21 May 2022

Illegal moneylenders are waiting outside post offices to collect, Dundalk JPC told

Illegal moneylenders are waiting  outside post offices to collect, Dundalk JPC told

The issue of illegal money lending was brought up by Sinn Fein councillor Kevin Meenan at the latest meeting of Dundalk JPC (Joint Policing Committee). 

Councillor Meenan told the meeting that he had noticed an increase in the practice within the last year or so and said that it was a common occurrence for the illegal lenders to wait outside post offices for people to collect their dole or children’s allowance and hand the money over immediately as a repayment.

He further stated that the lenders are charging exorbitant interest rates, while those who miss even one repayment often have their bills being doubled or even trebled. 

Councillor Meenan stated that he believed that criminal gangs were behind the enterprise and that the money lending was a convenient way for them to launder their money.

He said the practice was creating “absolute misery” and one of “the most disgusting things I’ve come across personally.” 

He told the meeting how he has often had to make representations to the local St Vincent de Paul to get food parcels for people who had no money, with some not having enough to pay their heating or electricity bills and that the issue was particularly severe in the months after Christmas. 

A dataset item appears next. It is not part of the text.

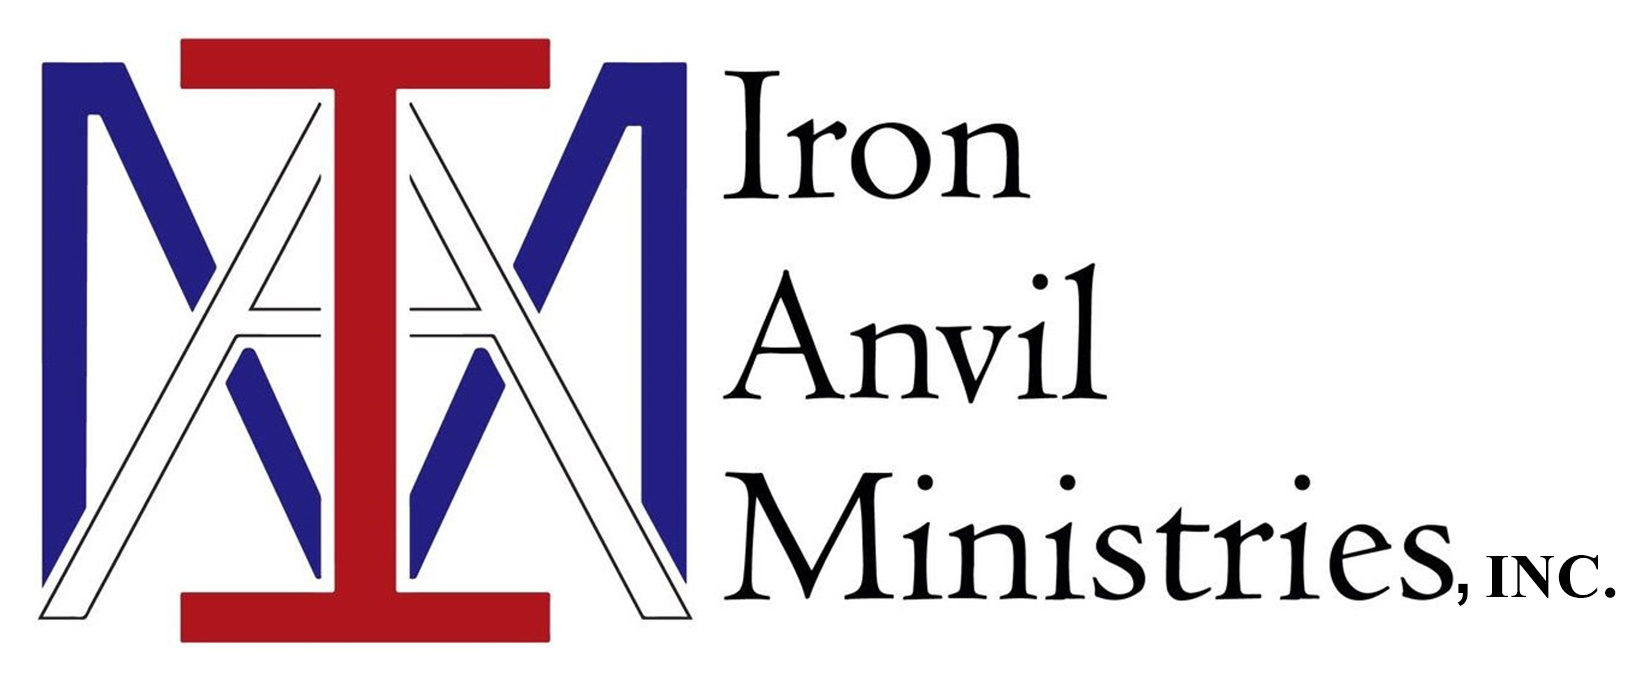 Iron Anvil Ministries

Councillor Meenan concluded by calling on the issue to be looked into and for both the gardai and the Louth County Council to take a joint approach when doing so. 

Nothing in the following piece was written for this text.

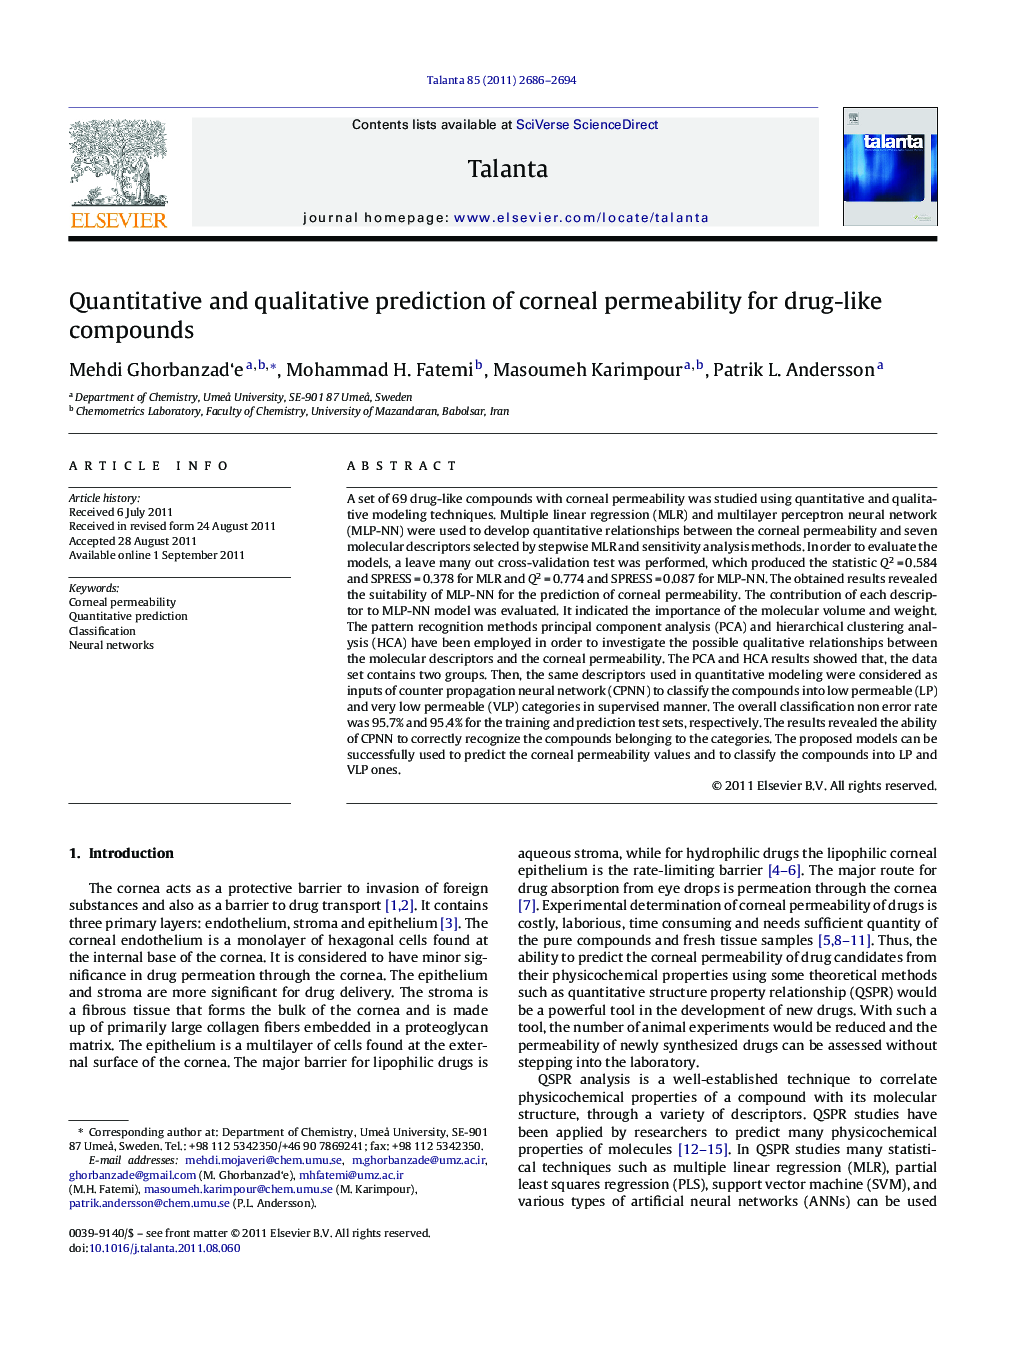 Quantitative and qualitative prediction of corneal permeability for drug-like compounds

In response, Chief Supt Alan McGovern encouraged anyone with information regarding illegal money lending to come forward to the gardai and that they would be dealt with in confidence. 

He added:

“Money lenders must have a licence, there’s no grey areas there. I would encourage anyone who was under pressure to go to MABS (The Money Advice and Budgeting Service).” 

Superintendent Charles Armstrong said that local Gardai would continue to liaise with the local council and provide any support they can and that anyone who came forward with any relevant information would be treated seriously.